═══ Recorded data ═══

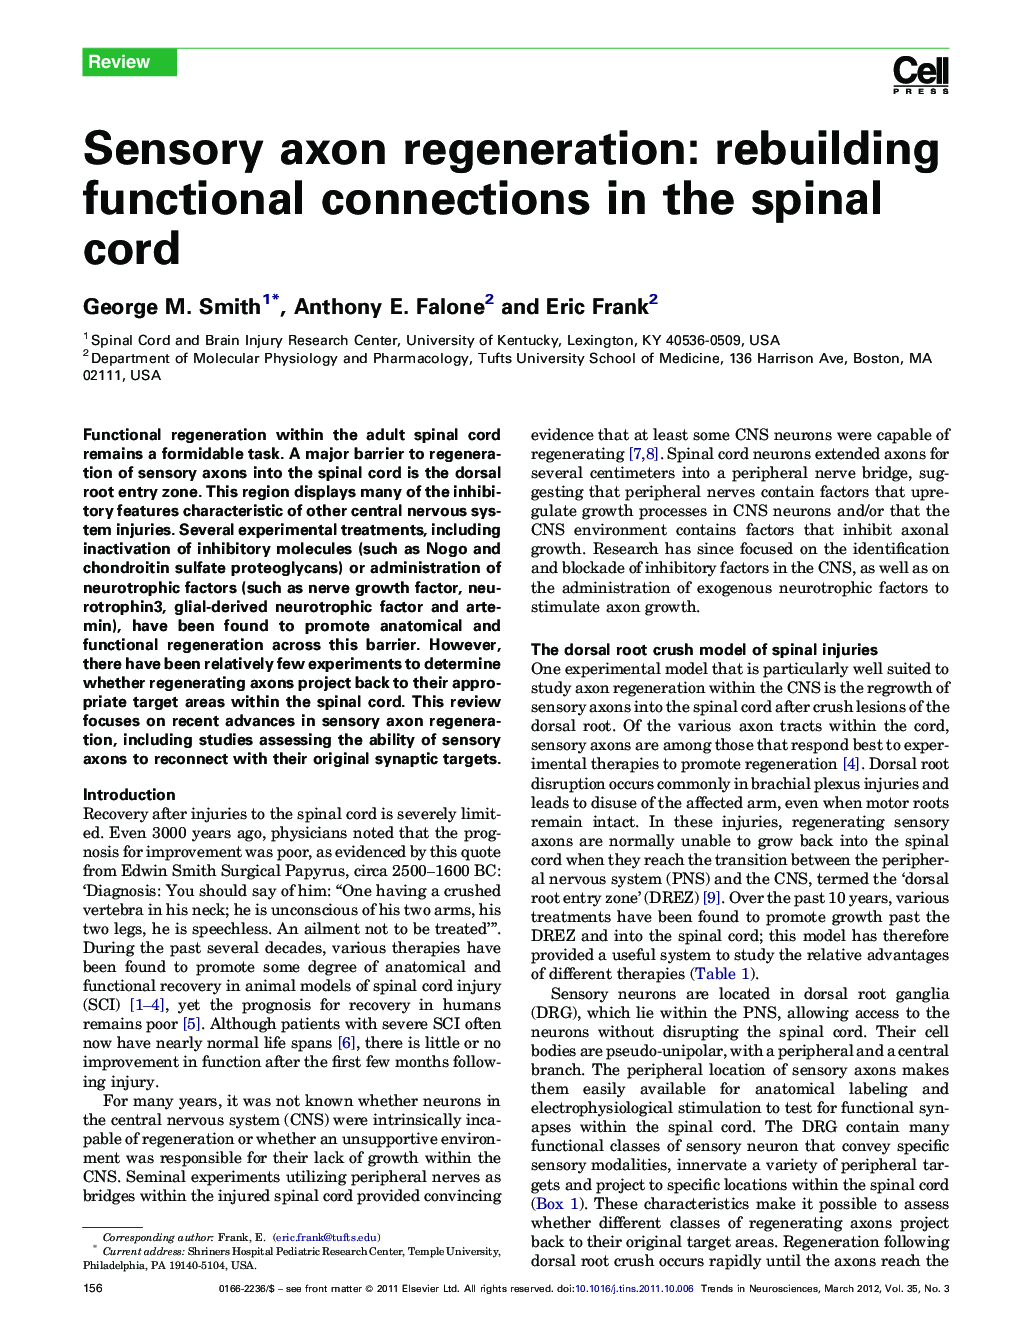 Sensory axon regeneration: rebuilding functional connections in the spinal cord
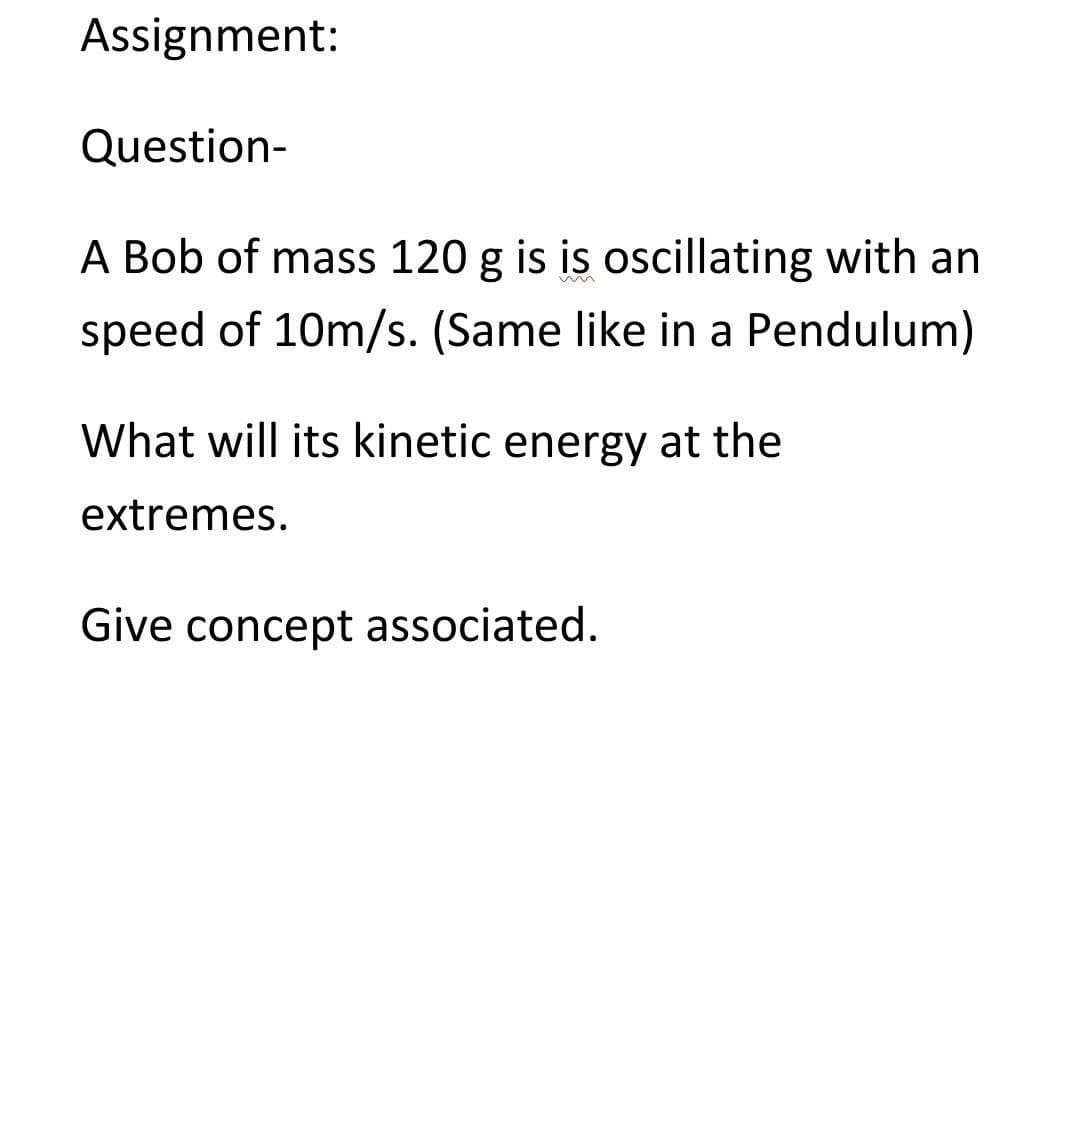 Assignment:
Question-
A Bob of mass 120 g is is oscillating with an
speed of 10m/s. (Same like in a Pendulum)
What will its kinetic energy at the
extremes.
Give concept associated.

═══

** What is being asked **
The lines to return run from the one containing "speed of 10m/s. (Same like in a Pendulum)" through the last line of the records above. Give them exactly and include nothing more.

** Response to the exercise **
speed of 10m/s. (Same like in a Pendulum)
What will its kinetic energy at the
extremes.
Give concept associated.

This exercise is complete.